Methuselah Schneider suggested that the grey-headed flying foxes not be brought onto the Ark. “I have a premonition that these smelly, pesky critters will one day return in great numbers causing much discomfort and distress to those living here in the distant future”.
Abraham Leslight questioned several of the specifications supplied by God. “Surely, there is no need to begin the building of the Ark 90 mega cubits above the current water mark. It is simply alarmist to think sea level will rise that much. I have heard that settlements to the north of us believe that the flood, if there is to be one, will reach no more than a further 35 mega cubits.”
Delilah Innes offered the compromise of 72 mega cubits above the current sea level. “That way we can be sure that the Ark can smoothly slip into the ocean at the newer level. It is also important here that we consider and respect the views of all, and that reasonable provision is made for public consultation. I suggest that a citizen’s jury be formed to assist our discussions. I am available to be chairperson.”
Five days later God demanded Noah provide a progress report.

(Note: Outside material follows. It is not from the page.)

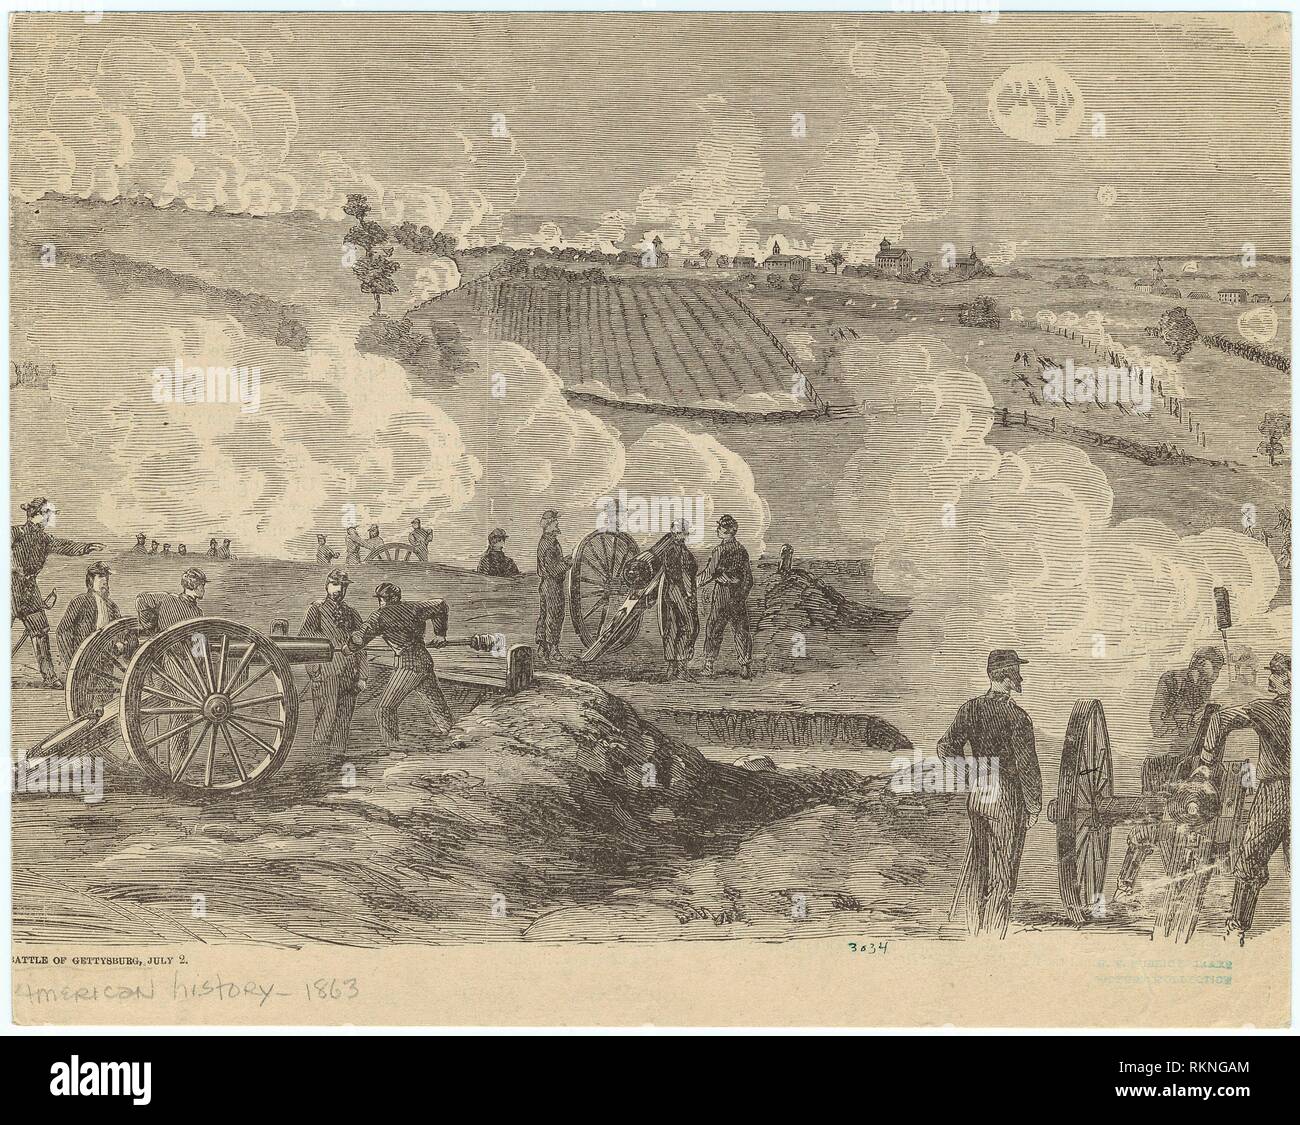 Schlacht von Gettysburg, Juli 2. Mid-Manhattan Bildersammlung der amerikanischen Geschichte - 1863. Datum der Ausgabe: 1866. United States - Geschichte - Bürgerkrieg, Stockfoto

“It’s a slow process Lord. There are regulations preventing trees of a certain width being felled to build the Ark, plus there are sensitivities relating to threatened habitat. Jeremiah Hughes is adamant that sea levels are actually decreasing and he has now taken up a position at low tide to hopefully net stranded fish and crayfish as the ocean retreats.”
On the 5th day the oceans began to rise. On the 7th day the waters swept past 35 mega cubits.
With the Ark less than half finished, Noah and his family decided to hold a summit with God and appeal to what is the highest court in the land – and the Universe.
“Lord, what if we gave up our slothful and gluttonous ways? Would you cancel the great flood?”
“Well, I might”, replied the omnipresent one “I do have a fair bit on my plate at the moment. But I would require you to close all of your alcohol outlets, abandon the golf course, unplug the Internet, stop watching Netflix and reality shows, and ban drinking what I think you call coffee.”
A silence descended on Noah and his family as they contemplated what all this meant. What would life be like without golf, wine, the Internet, iPads, or coffee with a caramel slice?
“Lord, I promise you – we will re-double our efforts to finish the Ark.”